An ISAP opcode can specify one or more ISAP instructions. An ISAP could be defined as a VLIW
processor, encoding more than one instruction in one ISAP opcode.
ISAP instructions can be of two main kinds:
ALU instructions: ISAP instructions that execute with a pipeline similar to the core DALU, without
activation of simultaneous core AGU instructions.
Data move instructions: Instructions that transfer data between the ISAP and its environment
(external Data memory or SC140 core). The core has the capability of providing the ISAP with data
addressing, so that the ISAP designer need not incorporate an AGU in the ISAP. This requires certain
conventions, which are detailed in Section 6.4, “ISAP Memory Access,” .

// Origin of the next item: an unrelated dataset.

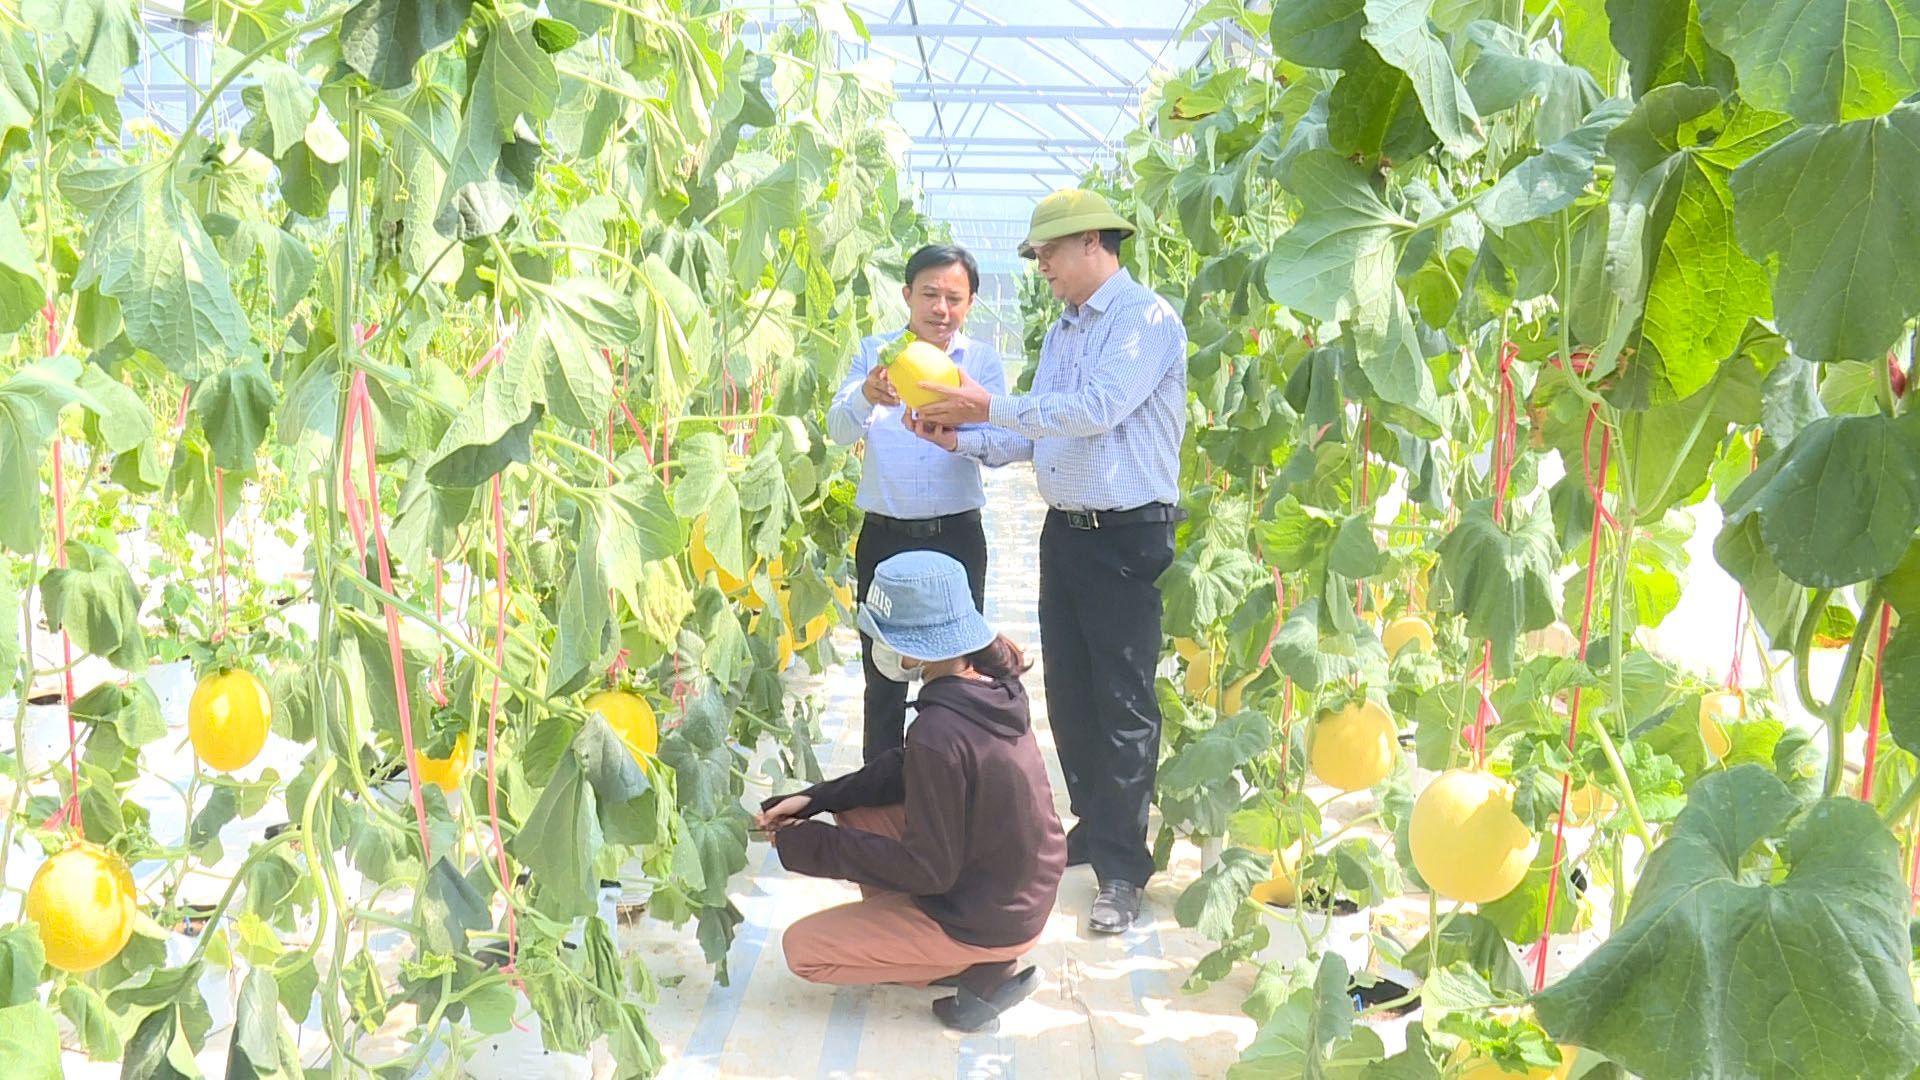 Mô hình trồng dưa lưới, dưa leo theo tiêu chuẩn VietGAP trong nhà màng được nhiều hộ nông dân Quảng Trạch áp dụng.

ISAP instructions must obey the same VLES semantics as other SC140 instructions (dependency of
operands between VLES, etc.). At the instruction level, the syntax should be as close as possible to existing
SC140 conventions (source and destination order, data width specifiers, etc.). The individual ISAP
instruction syntax should be defined in the particular ISAP specification.
The term “ISAP instruction” can be used both to specify the assembly mnemonic, or to the specific
sub-opcode in the ISAP opcode related to the source mnemonic. Differentiation is according to context -
source code or assembly level context, or encoding context.
6.4 ISAP Memory Access
The ISAP accesses data via the XDBA and the XDBB busses, in addition to core-ISAP buses for register
transfer.
The ISAP should not be designed with an AGU, leaving the addressing duties to the core. This allows the
ISAP to enjoy the full addressing and modulo capabilities of the core AGU, and the ISAP design to
concentrate on the specific ISAP specialty.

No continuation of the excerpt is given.